Explanation based Bias Decoupling Regularization for Natural Language Inference
- URL: http://arxiv.org/abs/2404.13390v1
- Date: Sat, 20 Apr 2024 14:20:24 GMT
- Title: Explanation based Bias Decoupling Regularization for Natural Language Inference
- Authors: Jianxiang Zang, Hui Liu,
- Abstract summary: Transformer-based Natural Language Inference encoders tend to rely more on dataset biases than on the intended task-relevant features.
We propose Explanation based Bias Decoupling Regularization (EBD-Reg)

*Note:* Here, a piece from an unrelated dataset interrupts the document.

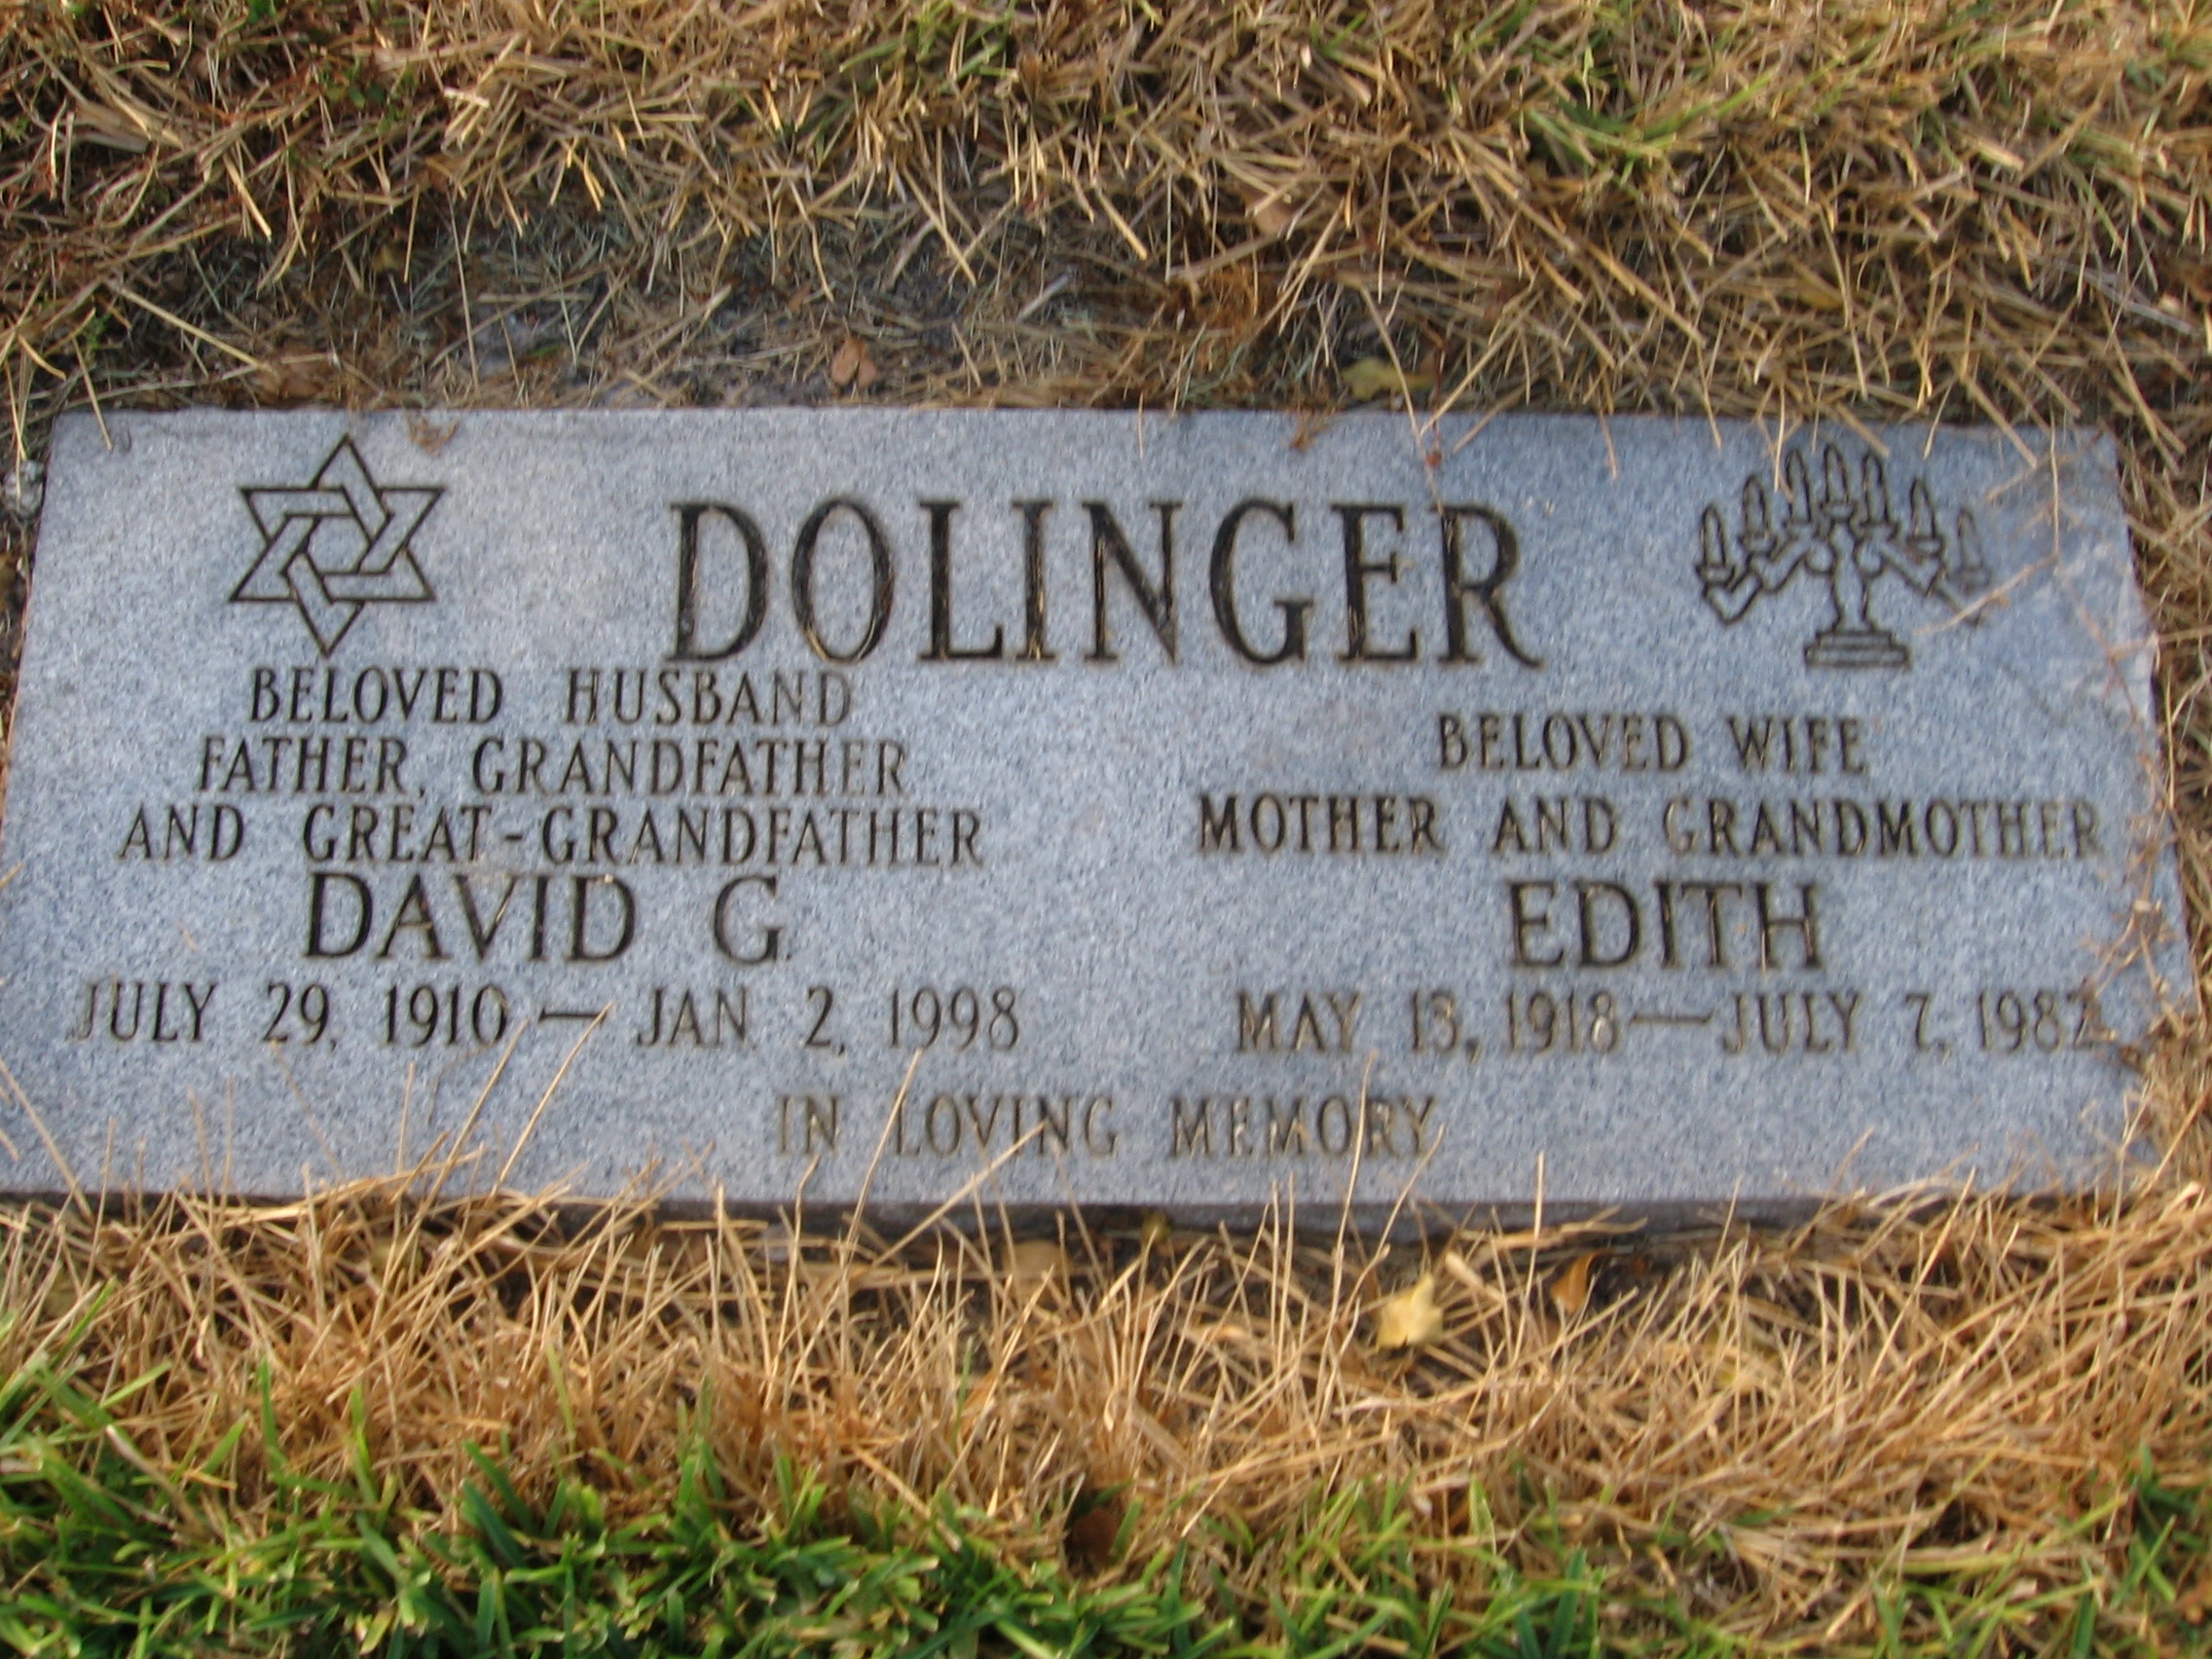 David G Dolinger

EBD-Reg employs human explanations as criteria, guiding the encoder to establish a tripartite parallel supervision of Distinguishing, Decoupling and Aligning.
- Score: 3.5863110323469
- License: http://creativecommons.org/licenses/by/4.0/
- Abstract: The robustness of Transformer-based Natural Language Inference encoders is frequently compromised as they tend to rely more on dataset biases than on the intended task-relevant features. Recent studies have attempted to mitigate this by reducing the weight of biased samples during the training process. However, these debiasing methods primarily focus on identifying which samples are biased without explicitly determining the biased components within each case. This limitation restricts those methods' capability in out-of-distribution inference. To address this issue, we aim to train models to adopt the logic humans use in explaining causality. We propose a simple, comprehensive, and interpretable method: Explanation based Bias Decoupling Regularization (EBD-Reg). EBD-Reg employs human explanations as criteria, guiding the encoder to establish a tripartite parallel supervision of Distinguishing, Decoupling and Aligning. This method enables encoders to identify and focus on keywords that represent the task-relevant features during inference, while discarding the residual elements acting as biases. Empirical evidence underscores that EBD-Reg effectively guides various Transformer-based encoders to decouple biases through a human-centric lens, significantly surpassing other methods in terms of out-of-distribution inference capabilities.